With incredible difficulties still to overcome, Pizarro had in his favor a circumstance of immense importance. The country was at that time distracted by civil war. Two brothers, Huascar and Atahualpa, sons of the last Inca, were engaged in a fratricidal strife for the imperial power, and their armies were turned against each other.

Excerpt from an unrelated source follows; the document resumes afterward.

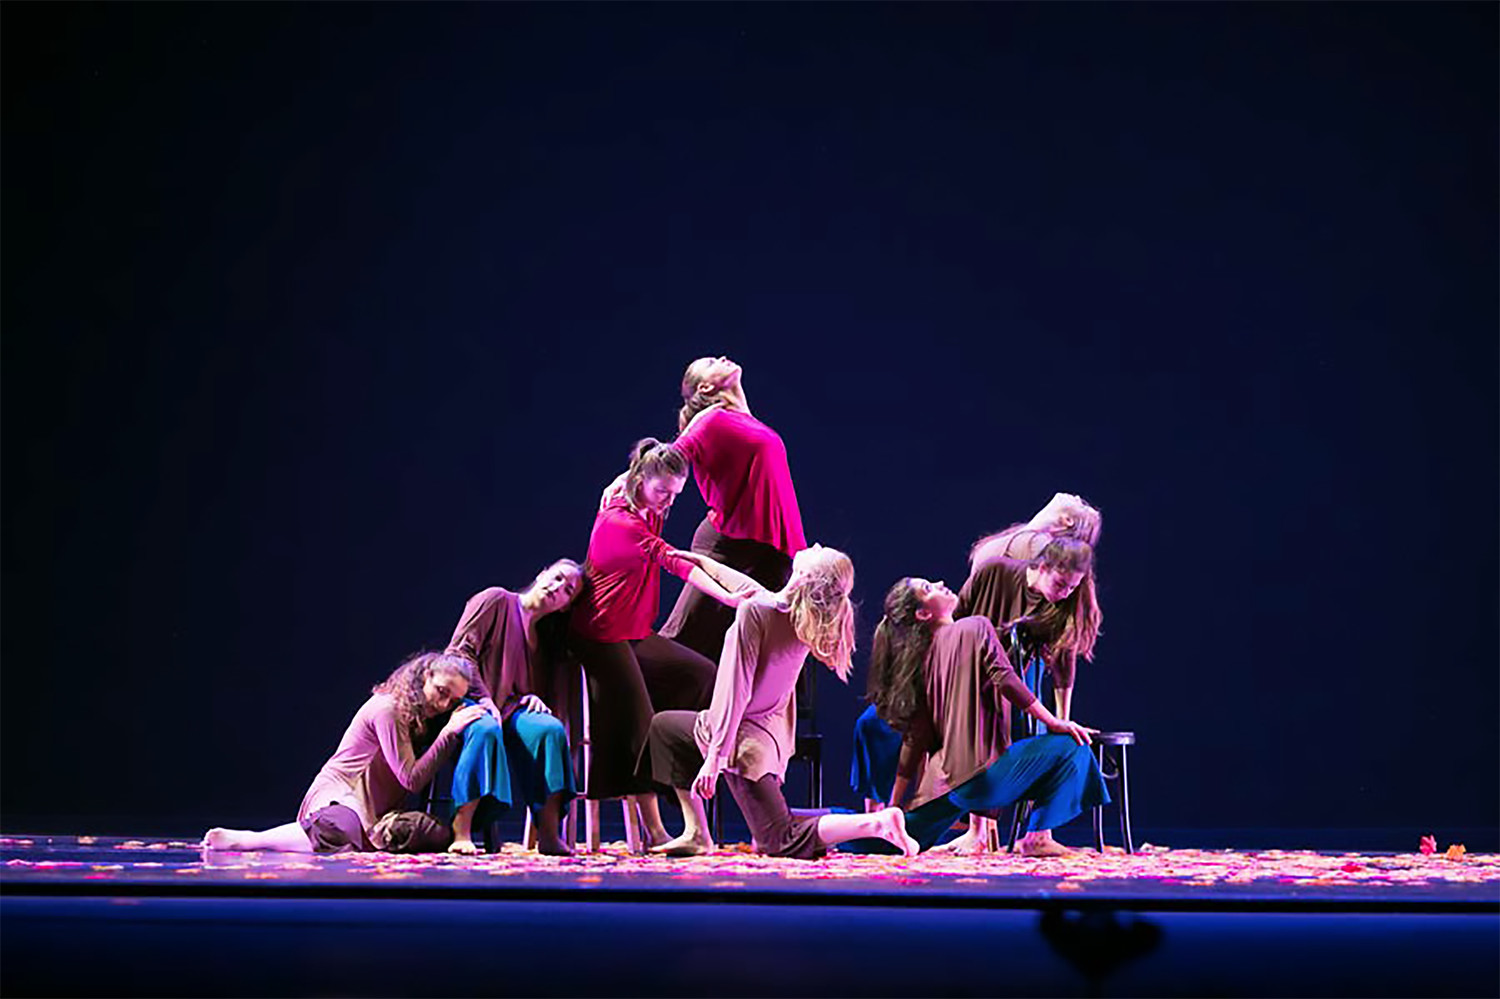 UVA Dance students in Benevolence by Artist-In-Residence Chien-Ying Wang, performed at the 2018 Fall Dance Concert, supported by a UVA Arts Council grant. IMAGE CREDIT: Jack Looney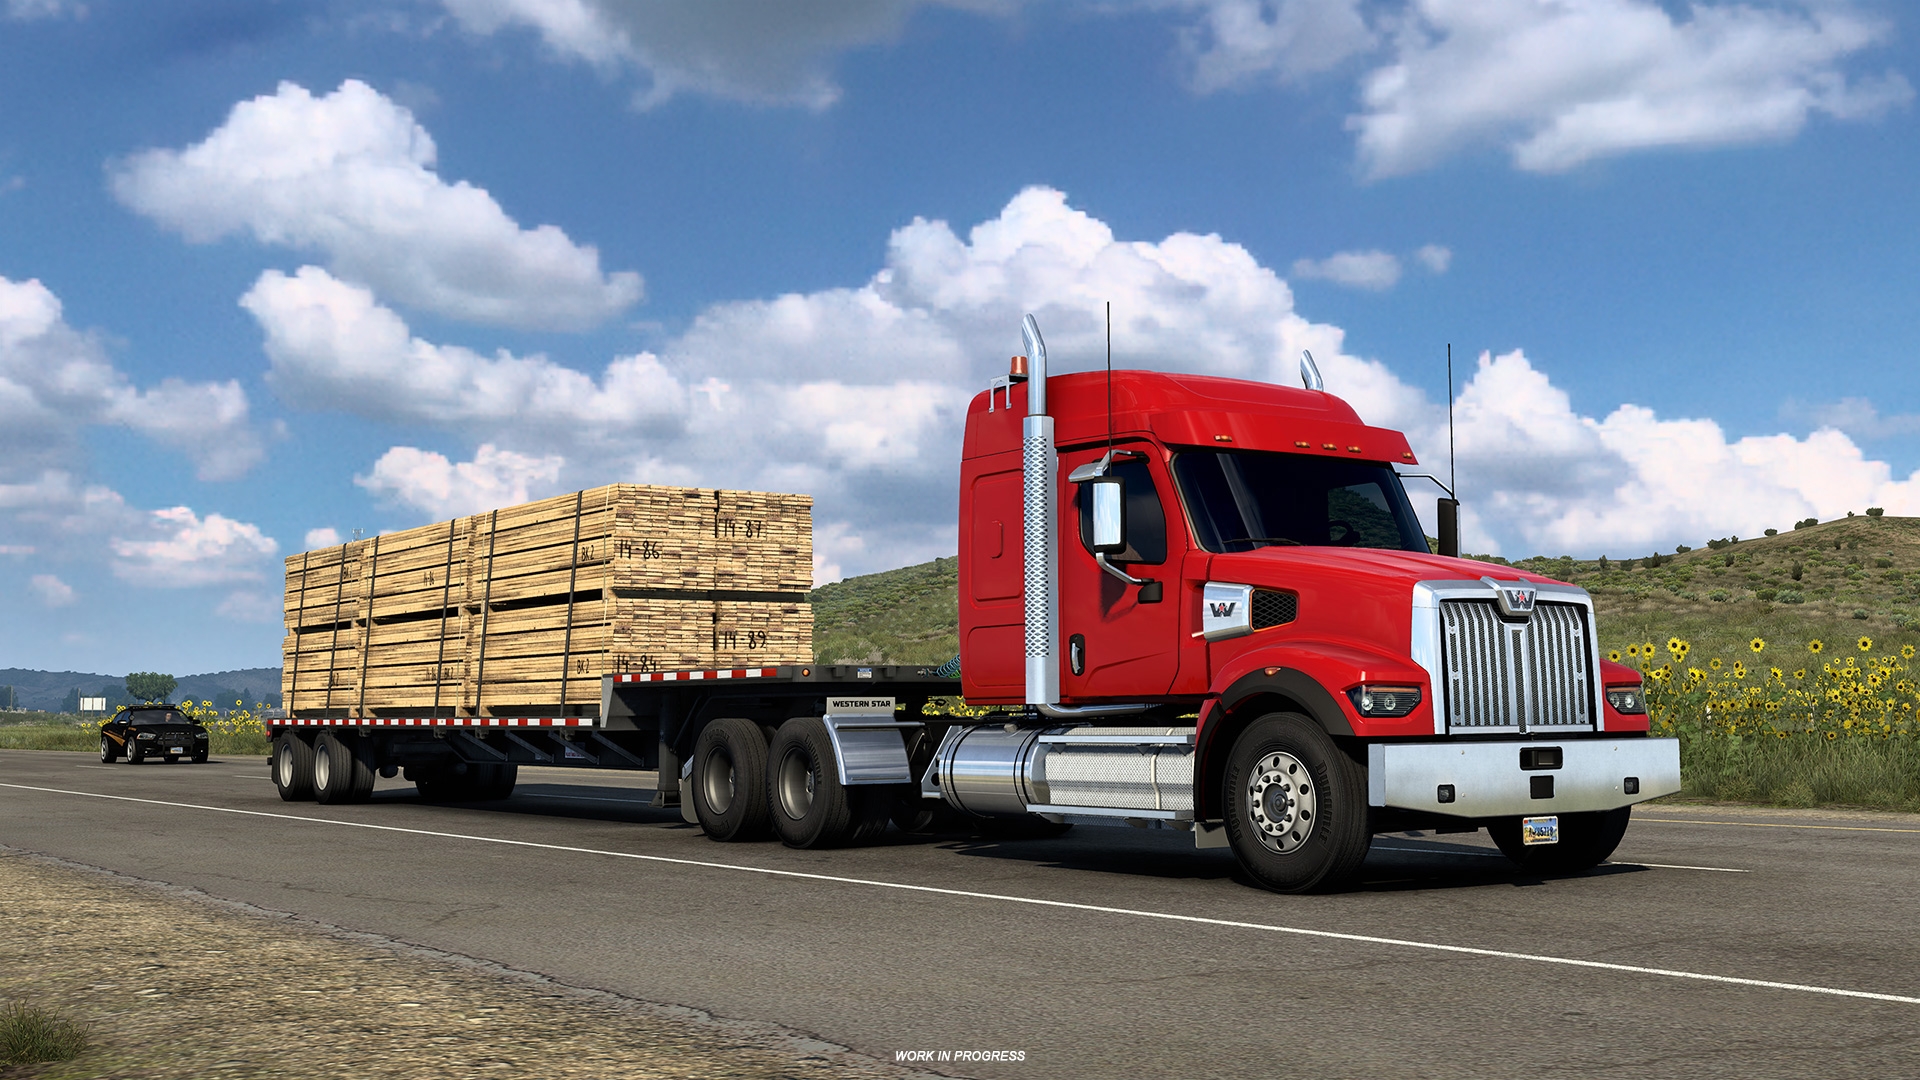 Truck Simulator 1.44 adds a new ownable trailer type

Pizarro resolved to strike his first blow at Tumbez; but was constrained by baffling winds to put into the Bay St. Matthew. There he landed his force, and soon fell upon a peaceful village, putting the inhabitants to flight and pillaging their dwellings. A considerable treasure thus obtained was sent back to Panama, where it had the desired effect of rallying new recruits for the conquest. A most welcome reinforcement was headed by Hernando de Soto, afterwards famed as the discoverer of the Mississippi, who sailed to join Pizarro with one hundred men and a number of horses.